What is Share Market
A share market is a place where shares (pieces of ownership in businesses) are bought and sold. It usually refers to the stock market, where stocks are traded. The share market can be used to measure the performance of a whole economy or particular sectors of it.
1. Plan your investment
Before investing in the share market, it is important to have a clear investment plan. This means setting out your investment goals and objectives, and how you plan to achieve them. It also involves research into which shares or investments are likely to help you reach your goals.
2. Decide how much to invest
Once you have a clear investment plan, you need to decide how much money you want to invest in the share market.

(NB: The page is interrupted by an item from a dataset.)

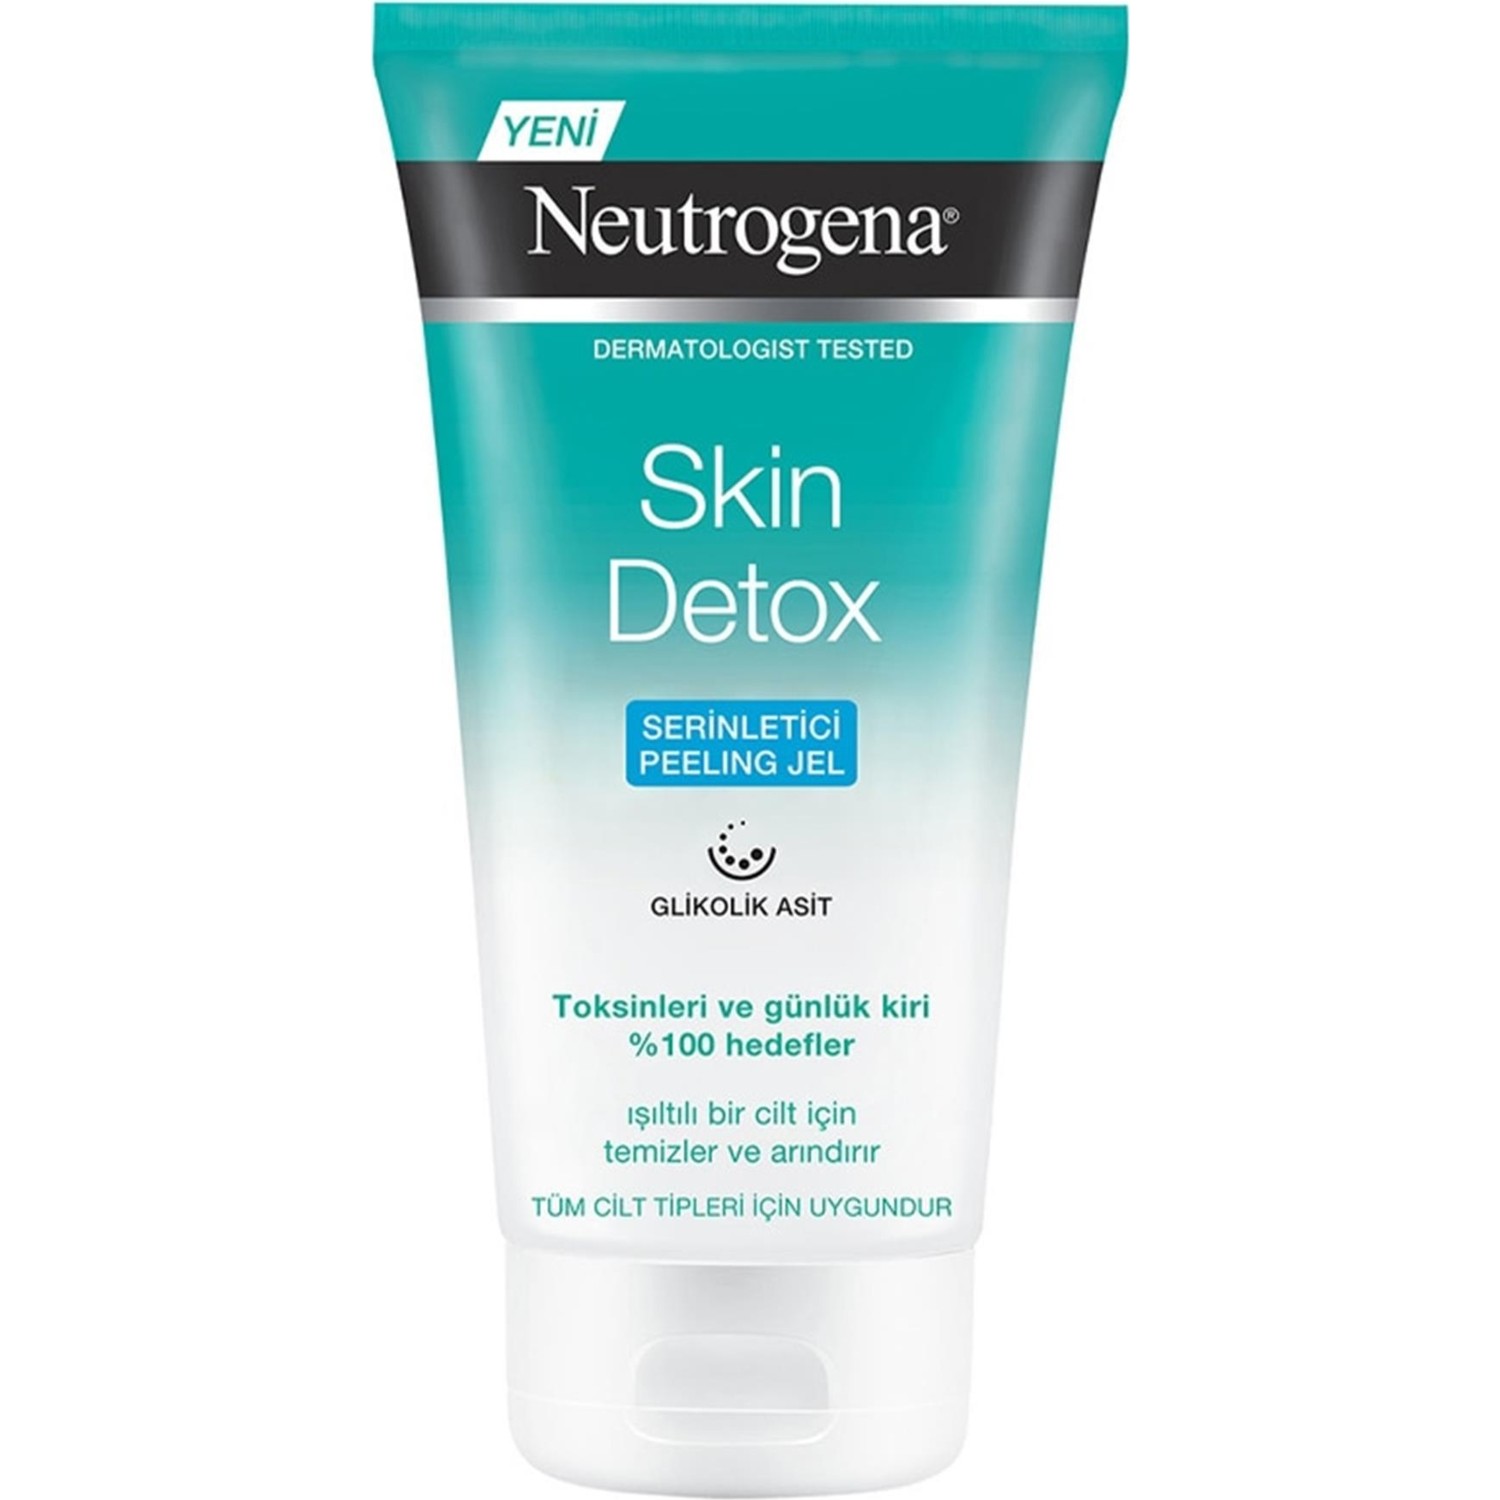 Освежающий гель-пилинг Neutrogena Skin Detox, 150 мл освежающий гель пилинг neutrogena skin detox 150 мл

You should only invest an amount that you can afford to lose without affecting your lifestyle. Remember, the share market can be volatile and shares can go up and down in value.
3. Consider using a broker
If you are new to investing in the share market, you may want to consider using a broker. A broker can provide guidance on which shares or investments may be suitable for you, based on your investment goals and objectives. They can also provide advice on how to buy and sell shares, and manage your portfolio of investments. However, brokers will charge fees for their services, so it is important to compare different brokers before choosing one. The Australian Securities and Investments Commission (ASIC) provides guidance on choosing a broker. ASIC’s MoneySmart website also provides information on how to start investing.

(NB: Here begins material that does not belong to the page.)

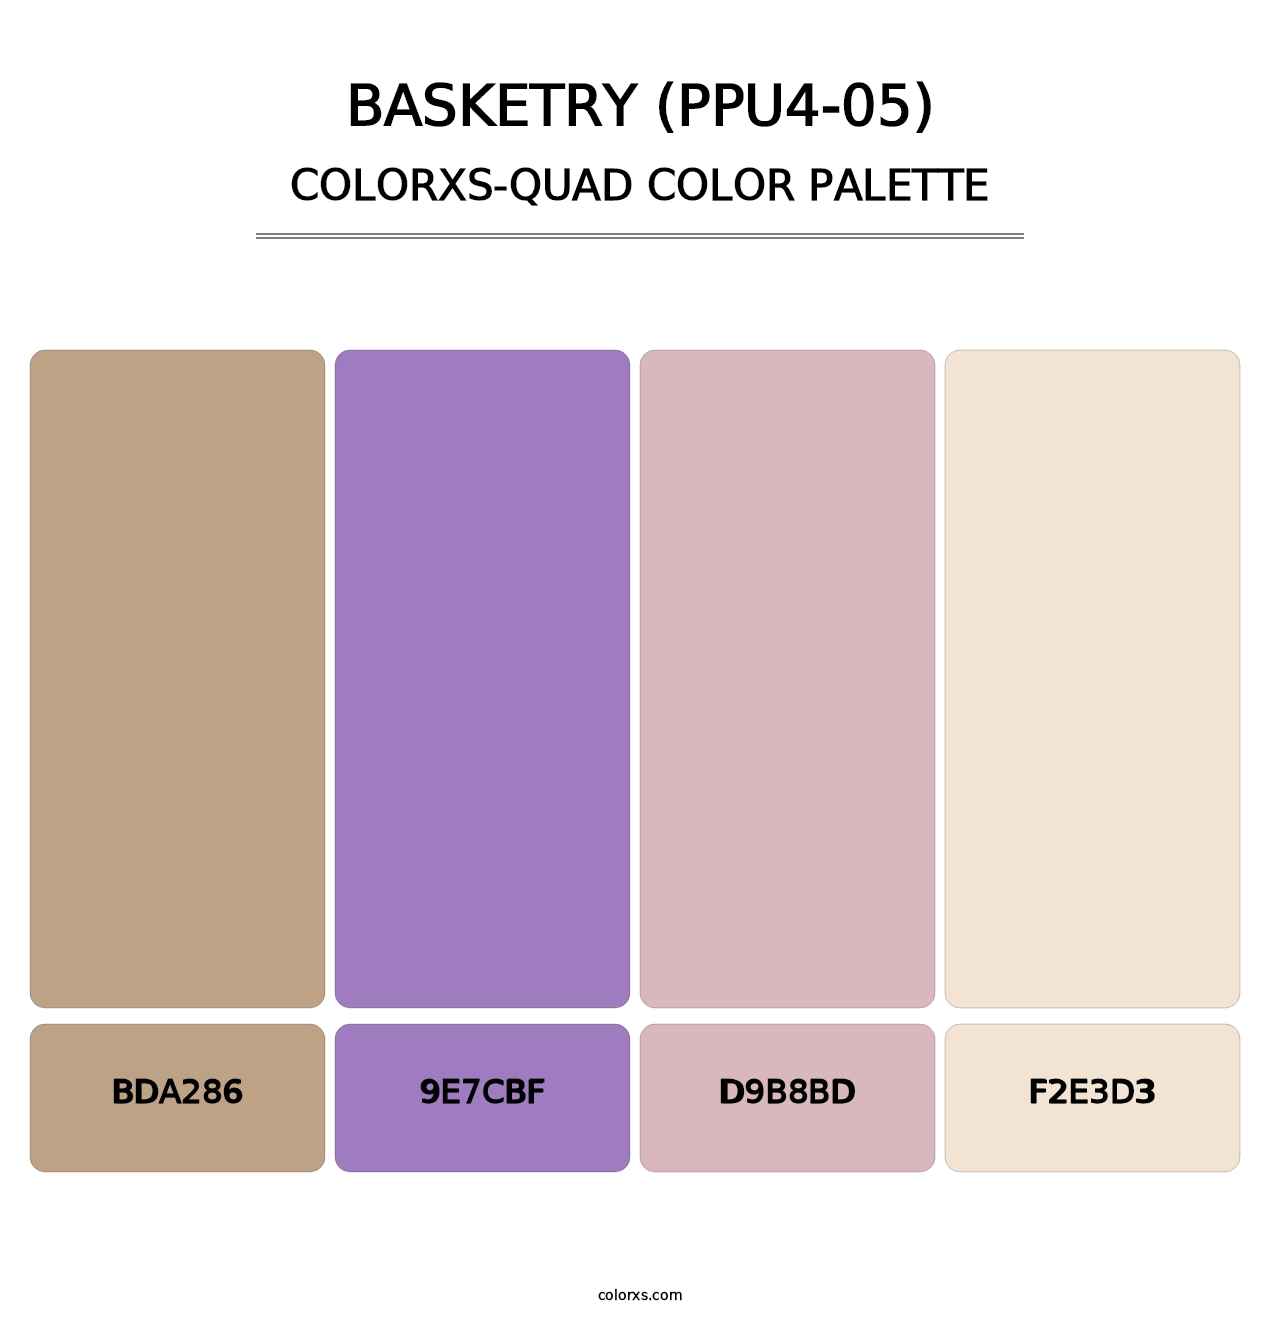 Basketry (PPU4-05) - Colorxs Quad Palette

If you are comfortable making your own investment decisions, you can buy shares directly through a share trading account with a stockbroker. You will need to open a share trading account with a stockbroker and deposit money into the account before you can buy shares. ASIC’s MoneySmart website provides information on how to open a share trading account. You can also buy shares in funds, which are a collection of different investments, including shares, managed by a fund manager. Funds can provide diversification, which means your investment is spread across a range of shares and other investments. This can help to reduce risk, as the value of each share or investment in the fund will not all move in the same direction at the same time. ASIC’s MoneySmart website provides information on how to invest in funds.